I hope my question is clear
The easiest way i've found to do it is have a characterX and characterY variable [integer or float, whatever you want] Then have a cameraX and cameraY variable. Every object in the scene is drawn at theObjectX-cameraX, theObjectY-cameraY...
CameraX/CameraY are tweened by a similar-to-midpoint formula so eventually they'll reach playerx/playery[Cx = (Cx*99+Px)/100] ... yeah
By doing this, every object moves in the stage's space, and is transformed only on render [saving you from headaches]
Use a matrix to define a camera reference frame.
Use space partitioning to split up your level into screens/windows.
Think of your player sprite as any other entity, like enemies and interactive objects.
Now what you want is the abstraction of a camera. You can define a camera as a 3x3 matrix with this layout:
[rotX_X, rotY_X, 0]
[rotX_Y, rotY_Y, 0]
[transX, transY, 1]
The 2x2 sub-matrix in the top-left corner is a rotation matrix. transX and transY defines the translation part, i.e the origin. You also get scaling for free. Just simply scale the rotation part with a scalar, and you have yourself a zoom.
For this to work properly with rotation, your sprites need to be polygons/primitives, say like triangles or quads; you can't just apply the matrix to the positions of the sprites when drawing. If you don't need rotation, just transforming the center point will work fine.
If you want the camera to follow the player, use the player's position as the camera origin. That is the translation vector [transX, transY]
So how do you apply the matrix to entity positions and model vertices? You do a vector-matrix multiplication.
v' = vM^-1, where v' is the new vector, v is the old vector, and M^-1 is the matrix inverse. A camera needs to be an inverse transform because it defines a local coordinate system. An analogy could be: If you are in front of me and I turn left from my reference frame, I am turning your right. This applies to all affine and linear transformations, like scaling, rotation and translation.
Split up your level into sub-parts so you can cull objects and scenery which does not need to be rendered. Your viewport is of a certain size/resolution. Only render scenery and entities which intersect with your viewport. Instead of checking each and every entity against the viewport bounds, assign each entity to a certain sub-screen and test the bounds of the sub-screen against the viewport and camera bounds. If your divide your levels into parts which are the same size as your viewport, then the maximum number of screens visible
at any particular time is:
2 if your camera only scrolls left and right.
4 if your camera scrolls left, right, up and down.
4 if your camera scrolls in any direction, and additionally can be rotated.
A screen-change is an event you can use to activate entities belonging to that screen. That could be enemies, background animations, doors or whatever you like.
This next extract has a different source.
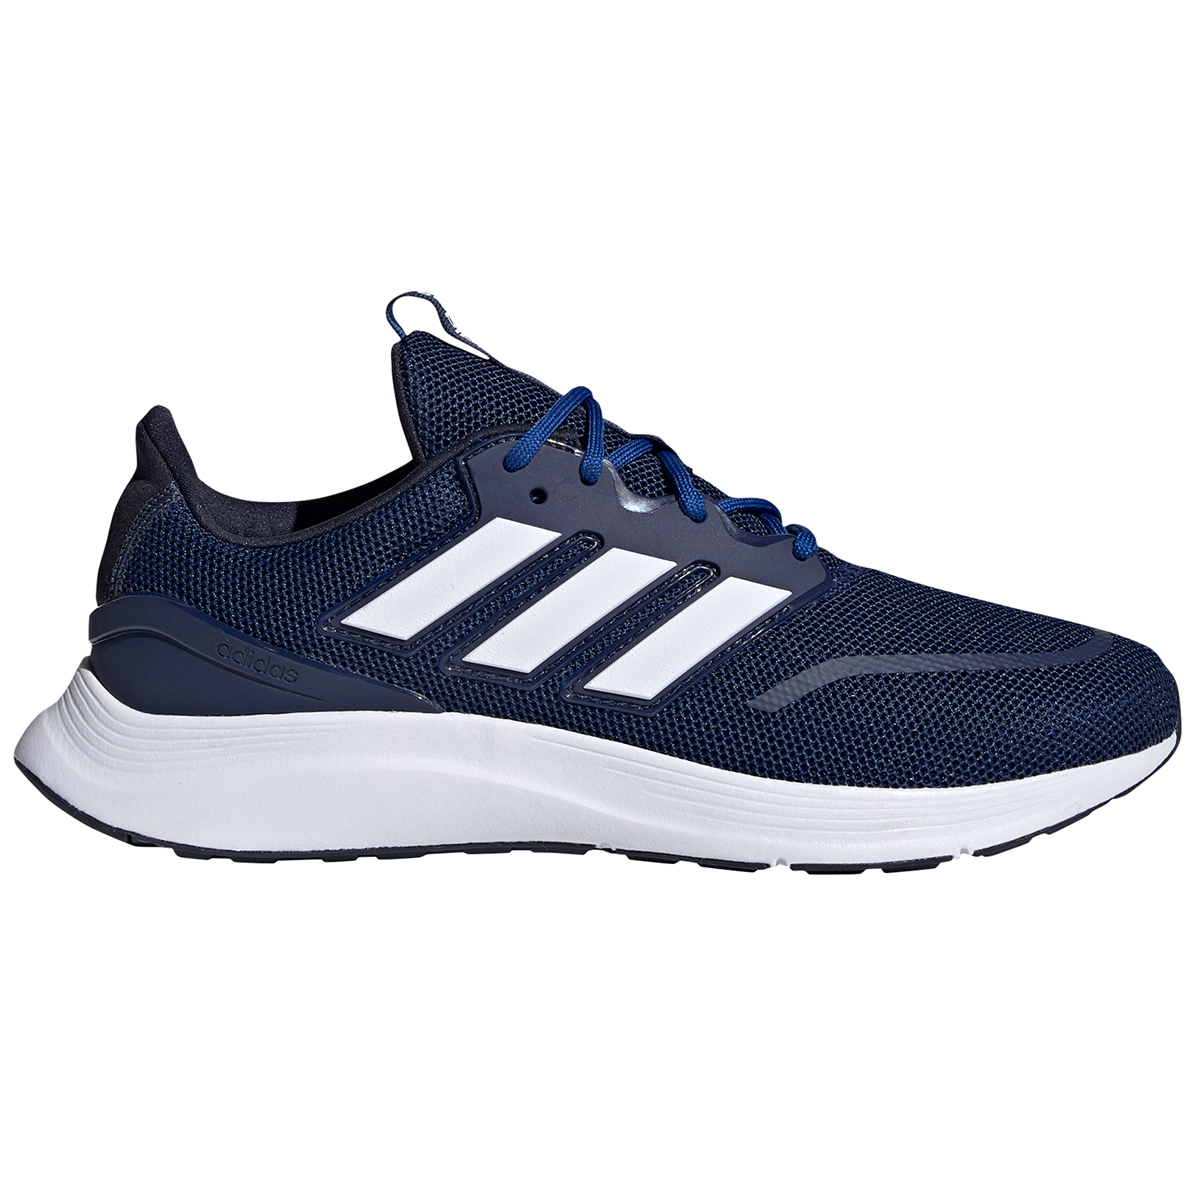 Adidas Men's Energy Falcon Running Shoes - Black, 11.5

If this is your first foray into writing a side-scroller, I'd suggest considering using an already existing game engine (like Construct or Gamemaker or XNA or whatever fits your experience level) so you don't have to worry about what order to render things and how to make it all work. Mess with that a bit--probably exploring a few of them--to get a feel for how they do things then venture out to your own once you've gotten used to it.
Not that there's anything wrong with baptism by fire but it can get pretty overwhelming in my opinion.